As John mentioned below, publishing benchmarks – even in a blog like this could land someone it hot water, but you can bet the vendors are always internally comparing each other. They just can’t publish results. This is why you have cross vendor “standards” like TPC and the SAP SD benchmark which require careful reviews of the results. Just as John suggests, SAP isn’t ready to throw HANA into the fray. At least SAP Sybase ASE shows up to the table.”

Bill is correct. SAP never publishing an OLTP benchmark when it introduced HANA. We hypothesize this was because publishing it would have illuminated the fact that HANA is deficient in transaction processing, which we covered in the article What is the Actual HANA Performance?

Appleby’s Response

“You know, you get no-nonsense from me Bill.

I’ve not run the benchmark but I believe it’s because:

1) SD doesn’t run well on HANA

2) SD doesn’t accurately represent how customers actually use systems in 2014

3) HANA does run well for how customers really use systems in 2014

SAP are in the process of creating a new benchmark which I understand will include mixed-workload OLTAP queries.

There is a BW-EML benchmark which does mimic how customers use OLAP systems in 2014. Unfortunately it has some design flaws which mean it can be gamed (for instance you can run loads on one area and queries on the other, rather than forcing both at the same time).

Benchmarking is much better done on real customer data with real scenarios. I have done a lot of it, but none of it is possible to share in the public domain.

Also, the license agreements with Microsoft/IBM/Oracle/SAP specifically don’t allow benchmarking. That’s why I referred to the database above as anyDB, so it can’t be recognized.

What? So Appleby proposes that SD transaction processing does not run well on HANA and that, furthermore, SAP suppresses benchmarks that don’t make HANA look good? I mean, we knew this, but Appleby is admitting this? Also, why would this be the case? HANA, according to Bill McDermott, runs 100,000 times faster than any other competing technology. It should require no benchmarks to be hidden. Recall that S/4HANA was restricted to HANA under the logic that..

“no other database could keep up with SAP’s innovation.”

What is this comment that HANA does not run SD well, but does run how for customers run SD? At this point, S/4HANA has yet to be released, so 100% of customers in 2014 for SAP were running SD from ECC!!!!!

The following questions naturally arise.

  • Why does SAP need to create a new benchmark?
  • Is this because HANA does so poorly on the previous benchmark?
  • Is that how SAP does things?
  • It rigs benchmarks if its products cannot perform well in them?

Conclusion

This article scores a 0 out of 10 for accuracy.

The article covers what purports to be a test, but does not test HANA’s transaction processing performance.

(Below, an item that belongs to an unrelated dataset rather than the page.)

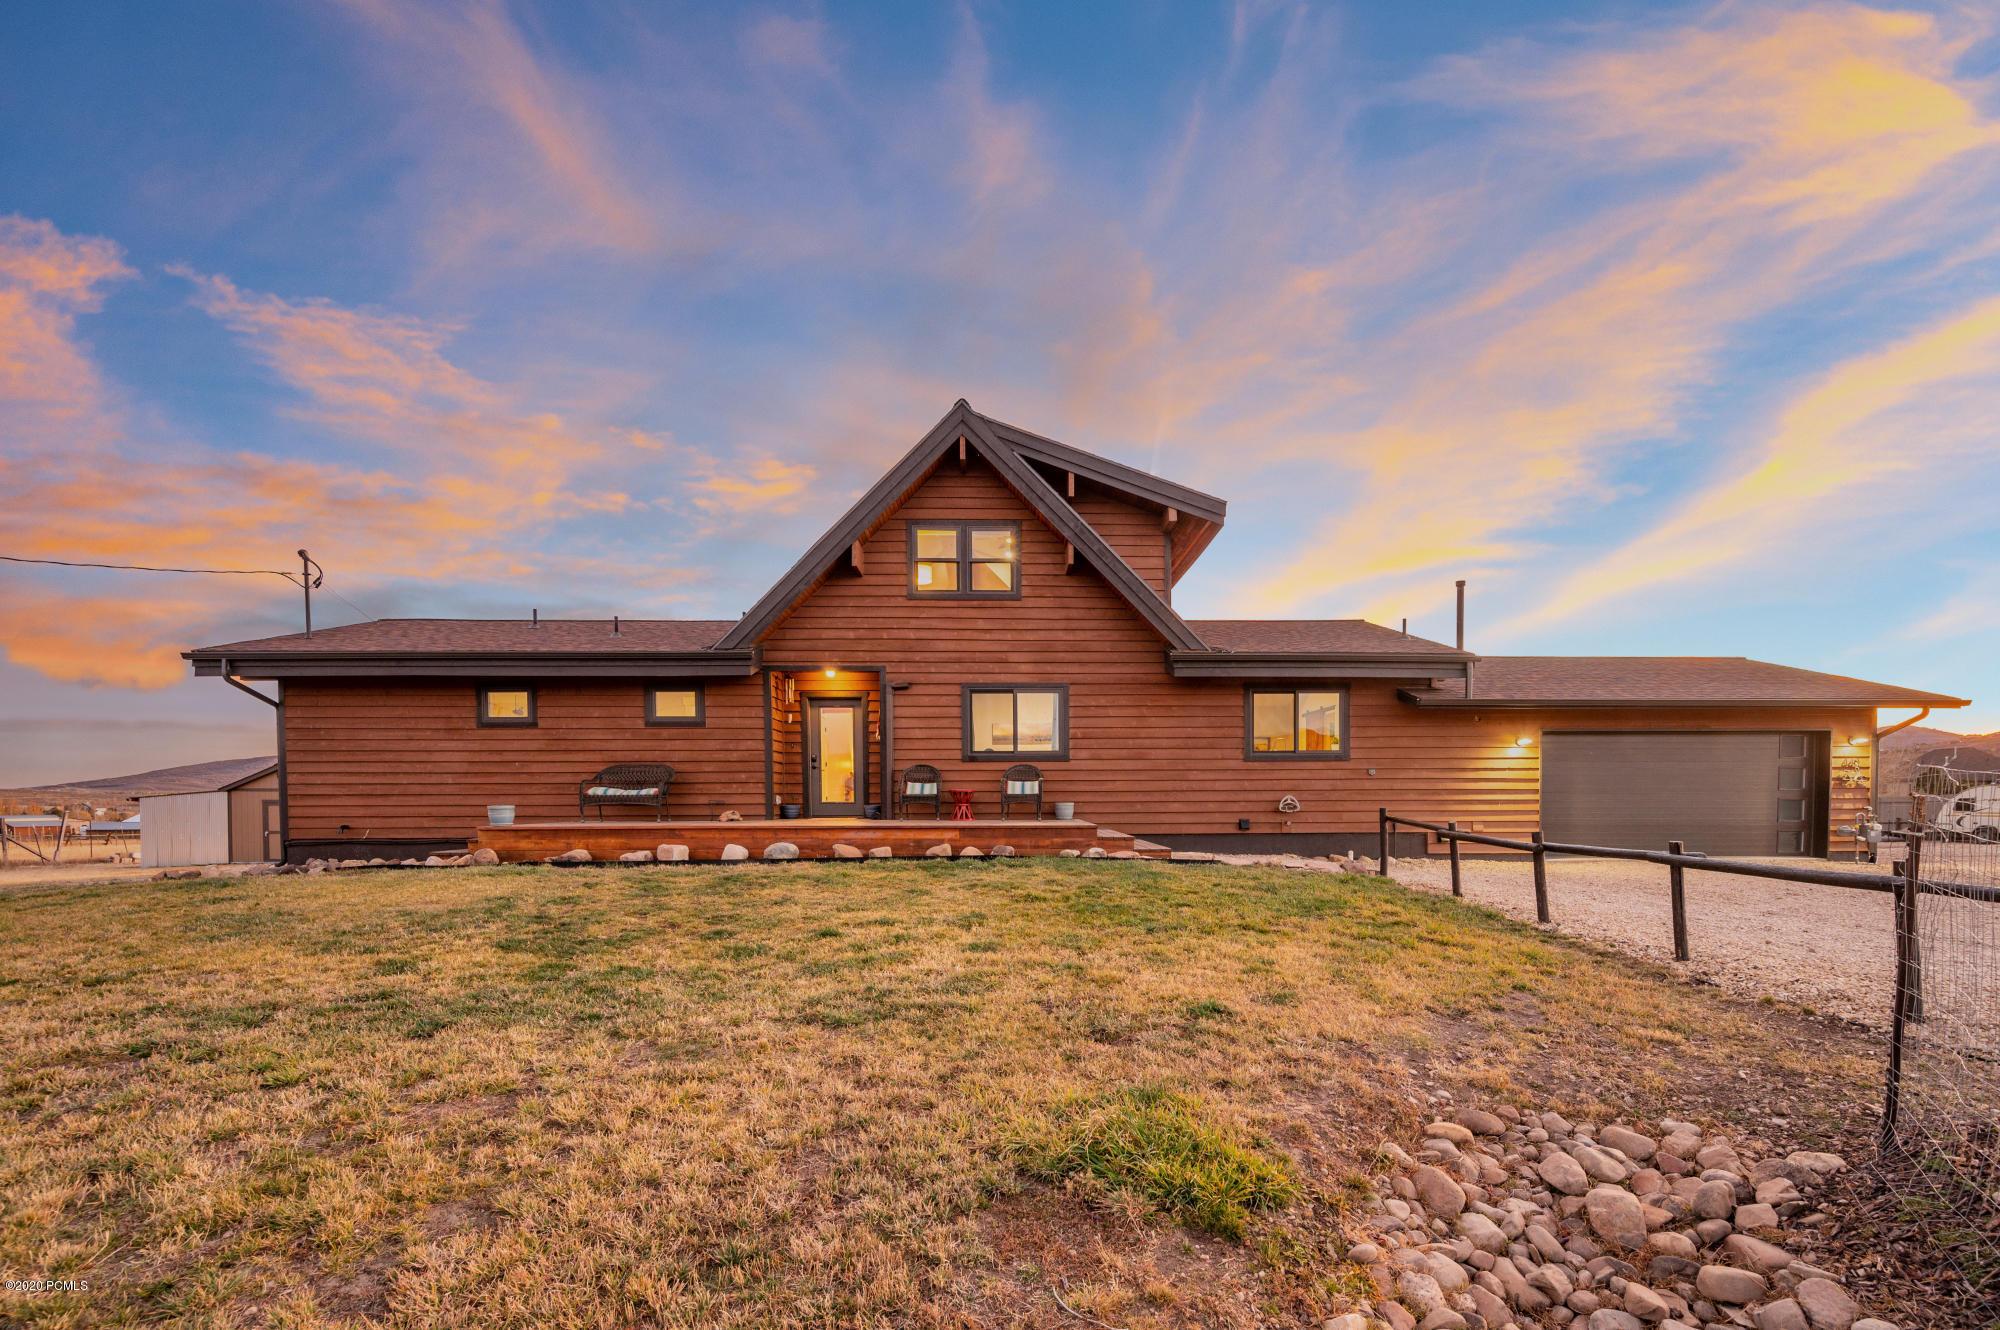 440 Wasatch Way, Park City, Utah 84098, 5 Bedrooms Bedrooms, ,4 BathroomsBathrooms,Single Family,For Sale,Wasatch,12004119

Appleby can’t seem to put any effort into testing, with every test being “quick and dirty” or otherwise lacking and incomplete.

Appleby then segues to intermingling more exaggerated claims about HANA in transaction processing. In the comments section, he admits that SD (a transaction processing module) probably does not run well on HANA! He then tops this off by accusing SAP of what we already knew, that SAP rigs benchmarks to benefit their products over competitors, and then simply does not release benchmarks if the benchmark makes SAP’s products look bad.

What? What?

This has to be categorized as the most insane article we have ever critiqued. This is the brain that was being used to advise companies on HANA?